Workers in Scotland are on average more militant than elsewhere in Britain - a total of 263 strike-days per 1000 workers in the years 1998-2002, as against 90 for England - but with strike figures so low overall it is unlikely this makes a qualitative difference. A multi-tendency socialist party with a decent electoral profile could be built in England - or, much better, across Britain - even if more slowly than in Scotland.

But what does it take? First, through lots and lots of work in the labour movement, assemble a cohesive body of dedicated, experienced, and educated activists. Win a dominant position in the activist left. Gain mass credit by leading a battle which mobilises and organises people in their working-class communities, street by street, over some years, and ends in victory. Win an electoral foothold and work hard, year after year, to extend it.

It takes a lot more than a simple desire to be "broad". Excited cries by small groups or individuals in England calling on everyone in general, or no-one in particular, to "form a new broad workers' party like the SSP", cannot have any grip, and only divert from the task of building the cohesive Marxist nucleus necessary even to start on the process.

They could conceivably have grip only as calls on the SWP, the biggest far-left group in England, to dissolve itself into a multi-tendency socialist party as SML dissolved itself into the SSP.

The SWP will not do that. The current Galloway coalition ("Respect") shows what the SWP's conception of "broad" politics is. If the SWP were to dissolve itself into this broad coalition, rather than using it as a temporary SWP-building stunt, it would simply cease to be socialist even in the broadest and most generic sense.

The SSP has seen not only electoral and numerical growth, but also political bio-degrading. The SSP's paper Scottish Socialist Voice carries hardly any serious debate or educational material. The SSP has no theoretical journal. Its leading faction, the ISM (ex-SML), has one, but it is very thin.

With its call for an "independent socialist Scotland", the SSP has increasingly veered into nationalism. Last year it started arguing for a cross-class "independence convention" to be held jointly with the middle-class Scottish National Party.

The old Militant had contorted theories about Stalinism, but it did stand clearly with the workers against bureaucratic regimes like Cuba's. The SSP leaders today hail Cuba as a model of socialism in a small country for Scotland to learn from.

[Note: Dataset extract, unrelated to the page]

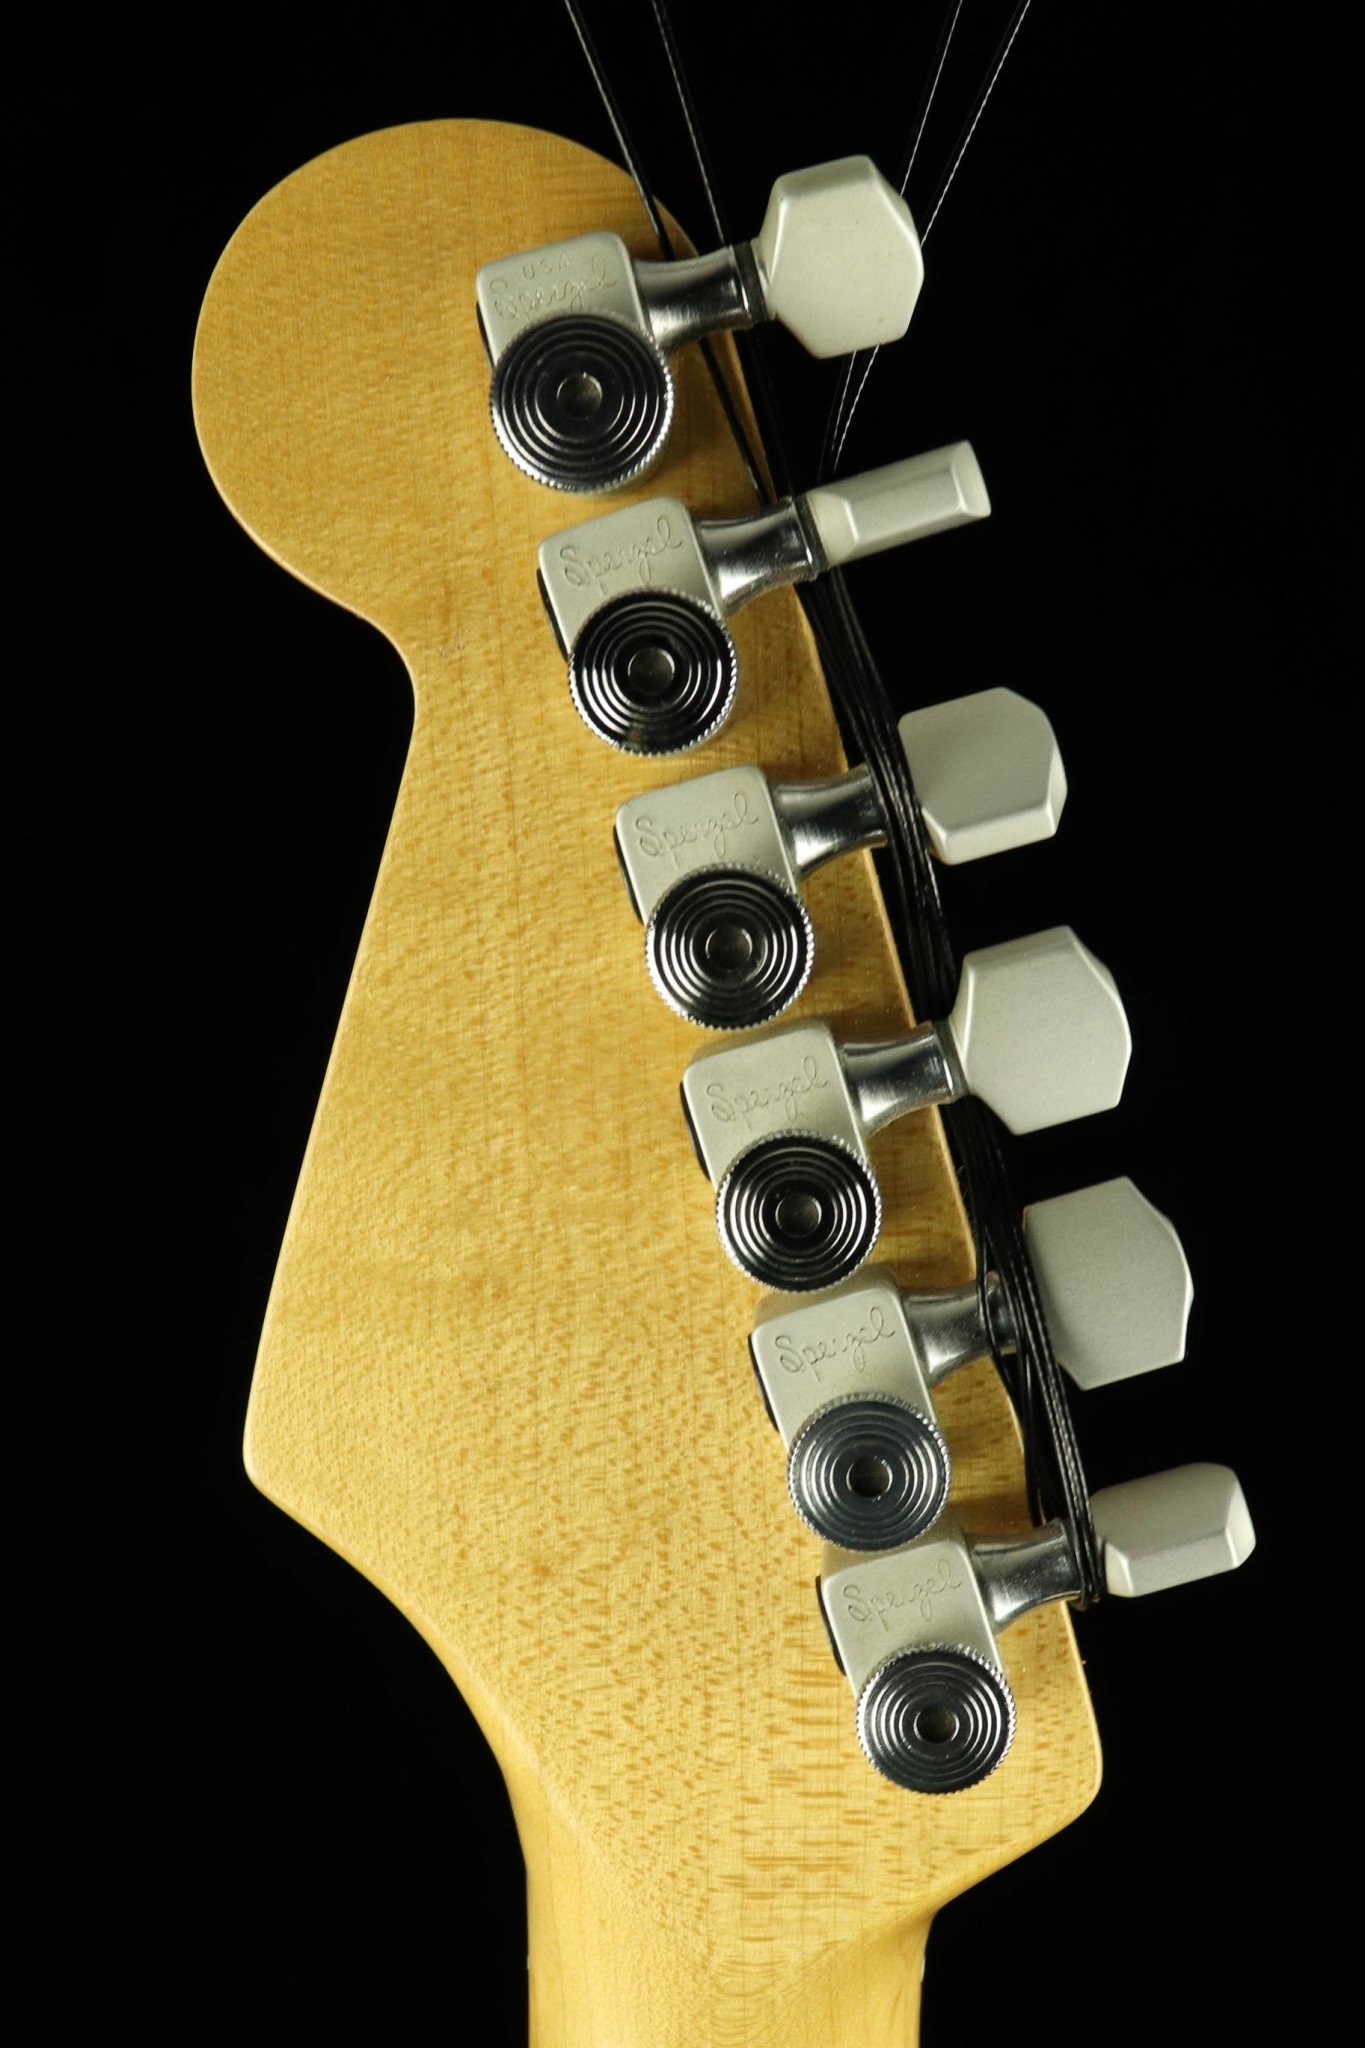 Fender Fender Stratocaster - Olympic White

The accumulated Marxist or quasi-Marxist "capital" from their days in Militant which the SSP leaders are now living off was large enough that the SSP still stands qualitatively higher than Respect. But it is softening politically all the time.

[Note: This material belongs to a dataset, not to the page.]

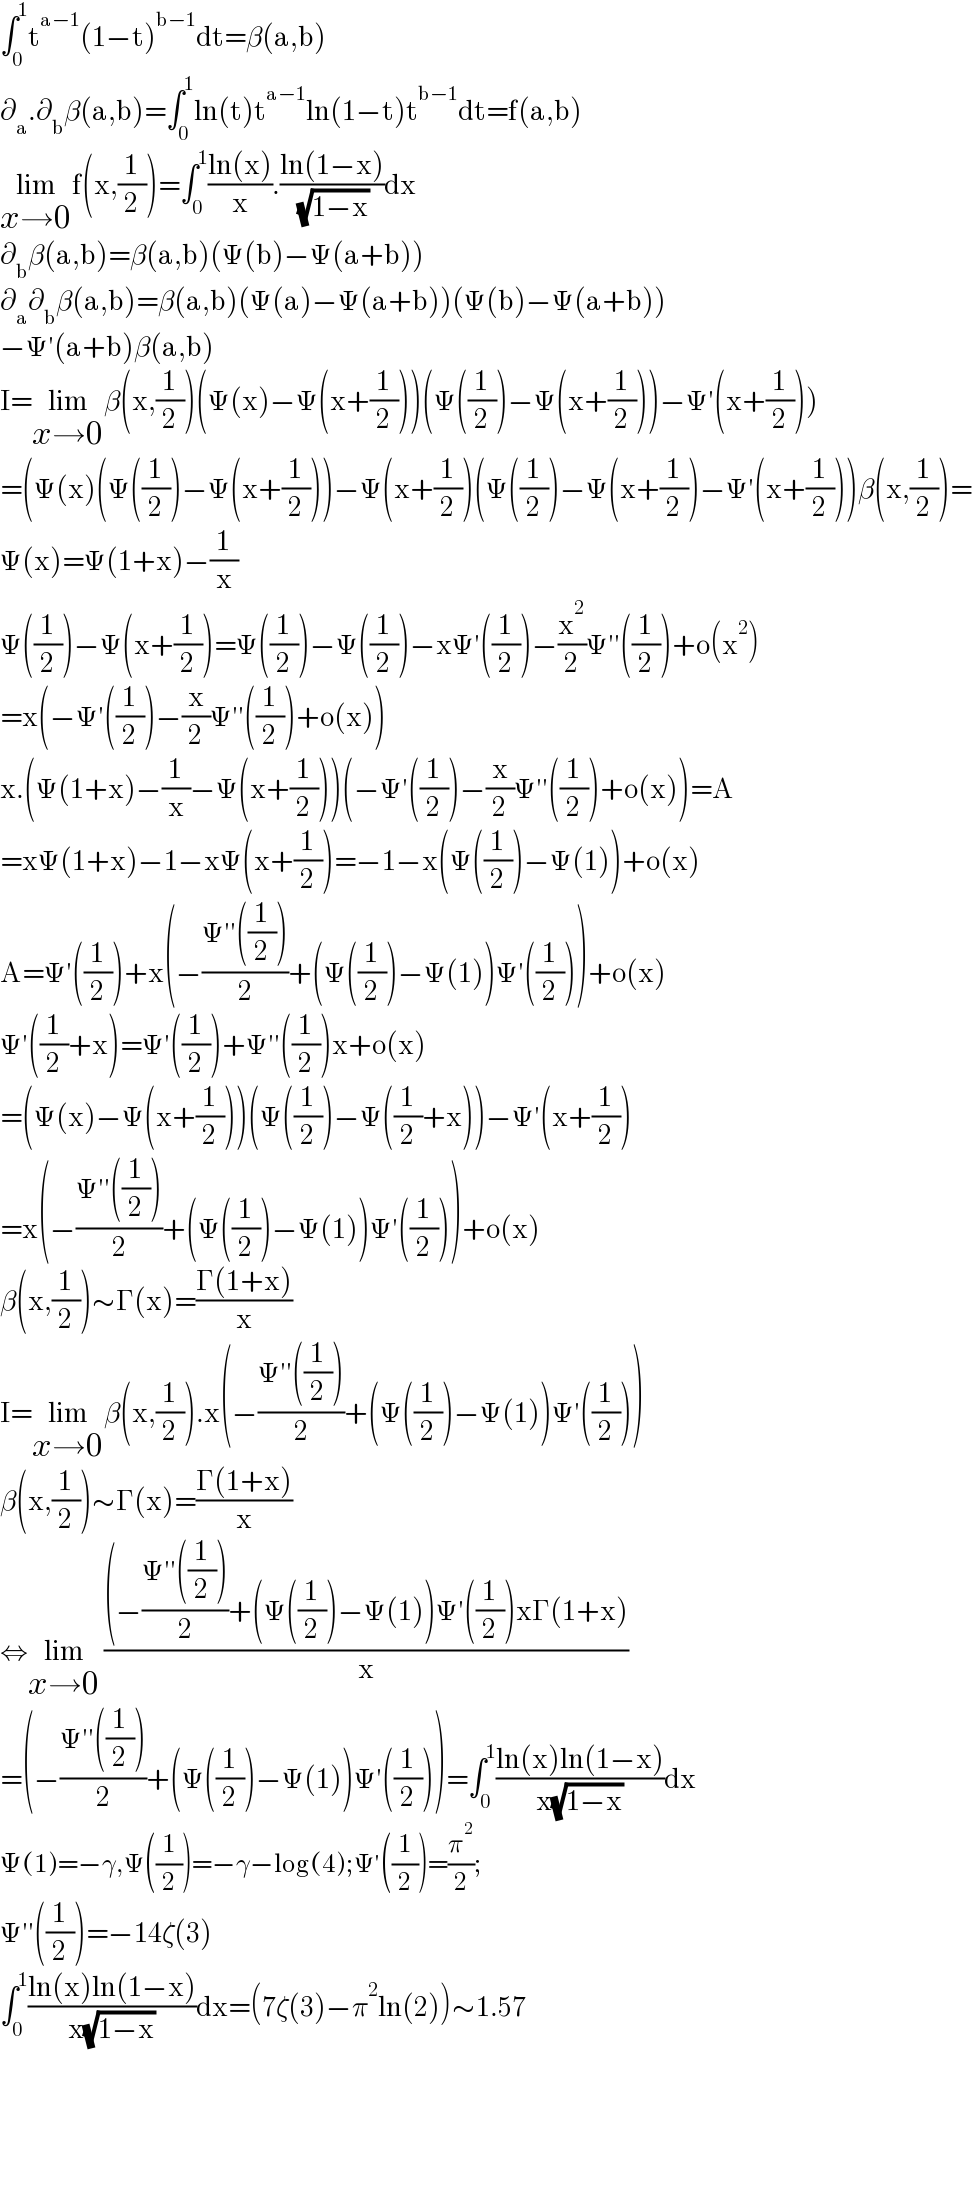 ∫_0 ^1 t^(a−1) (1−t)^(b−1) dt=β(a,b)  ∂_a .∂_b β(a,b)=∫_0 ^1 ln(t)t^(a−1) ln(1−t)t^(b−1) dt=f(a,b)  lim_(x→0) f(x,(1/2))=∫_0 ^1 ((ln(x))/x).((ln(1−x))/( (√(1−x))))dx  ∂_b β(a,b)=β(a,b)(Ψ(b)−Ψ(a+b))  ∂_a ∂_b β(a,b)=β(a,b)(Ψ(a)−Ψ(a+b))(Ψ(b)−Ψ(a+b))  −Ψ′(a+b)β(a,b)  I=lim_(x→0) β(x,(1/2))(Ψ(x)−Ψ(x+(1/2)))(Ψ((1/2))−Ψ(x+(1/2)))−Ψ′(x+(1/2)))  =(Ψ(x)(Ψ((1/2))−Ψ(x+(1/2)))−Ψ(x+(1/2))(Ψ((1/2))−Ψ(x+(1/2))−Ψ′(x+(1/2)))β(x,(1/2))=  Ψ(x)=Ψ(1+x)−(1/x)  Ψ((1/2))−Ψ(x+(1/2))=Ψ((1/2))−Ψ((1/2))−xΨ′((1/2))−(x^2 /2)Ψ′′((1/2))+o(x^2 )  =x(−Ψ′((1/2))−(x/2)Ψ′′((1/2))+o(x))  x.(Ψ(1+x)−(1/x)−Ψ(x+(1/2)))(−Ψ′((1/2))−(x/2)Ψ′′((1/2))+o(x))=A  =xΨ(1+x)−1−xΨ(x+(1/2))=−1−x(Ψ((1/2))−Ψ(1))+o(x)  A=Ψ′((1/2))+x(−((Ψ′′((1/2)))/2)+(Ψ((1/2))−Ψ(1))Ψ′((1/2)))+o(x)  Ψ′((1/2)+x)=Ψ′((1/2))+Ψ′′((1/2))x+o(x)  =(Ψ(x)−Ψ(x+(1/2)))(Ψ((1/2))−Ψ((1/2)+x))−Ψ′(x+(1/2))  =x(−((Ψ′′((1/2)))/2)+(Ψ((1/2))−Ψ(1))Ψ′((1/2)))+o(x)  β(x,(1/2))∼Γ(x)=((Γ(1+x))/x)  I=lim_(x→0) β(x,(1/2)).x(−((Ψ′′((1/2)))/2)+(Ψ((1/2))−Ψ(1))Ψ′((1/2)))  β(x,(1/2))∼Γ(x)=((Γ(1+x))/x)  ⇔lim_(x→0)  (((−((Ψ′′((1/2)))/2)+(Ψ((1/2))−Ψ(1))Ψ′((1/2))xΓ(1+x))/x)  =(−((Ψ′′((1/2)))/2)+(Ψ((1/2))−Ψ(1))Ψ′((1/2)))=∫_0 ^1 ((ln(x)ln(1−x))/(x(√(1−x))))dx  Ψ(1)=−γ,Ψ((1/2))=−γ−log(4);Ψ′((1/2))=(π^2 /2);  Ψ′′((1/2))=−14ζ(3)  ∫_0 ^1 ((ln(x)ln(1−x))/(x(√(1−x))))dx=(7ζ(3)−π^2 ln(2))∼1.57

What happens when the SSP gets strong enough, for example, to control a local council? Will it do better than its Militant predecessors in Liverpool did in 1984-5? On all present indications, it won't.

The SSP story will become a miniature replay of the story of the Workers' Party in Brazil, which was a broad and lively party but allowed itself to soften politically until today it is in government, carrying out the IMF's wishes and expelling its own left-wingers - unless a struggle by Marxists within the SSP redresses it politically.

The SSP's potential is limited in another direction, too. It has almost no systematic trade-union work. This lack reflects both its electoralist bent, and a difficulty caused by its nationalism. When almost all the trade unions, and most of the biggest trade-union struggles, are Britain-wide, how can a Scotland-only party intervene systematically?

If a British union elects a left-wing, sceptical-of-Labour leadership for reasons having nothing to do with the SSP - as the RMT did - then the SSP can benefit. But waiting for the activity of trade unionists mostly in England and Wales to produce more groupings like that around Bob Crow in the RMT, and then to get them elected to top positions, is not an active strategy for socialists in Scotland.

Socialists across Britain have to work to develop left-wing groupings in the unions - with better politics than Bob Crow's - and to have those left-wing groupings fight for leadership. To do that we must both engage in the "reclaim the Labour Party" issues, and fight to "build a new party" in the sense of a cohesive, dynamic, high-profile body of activists organised round Marxist politics.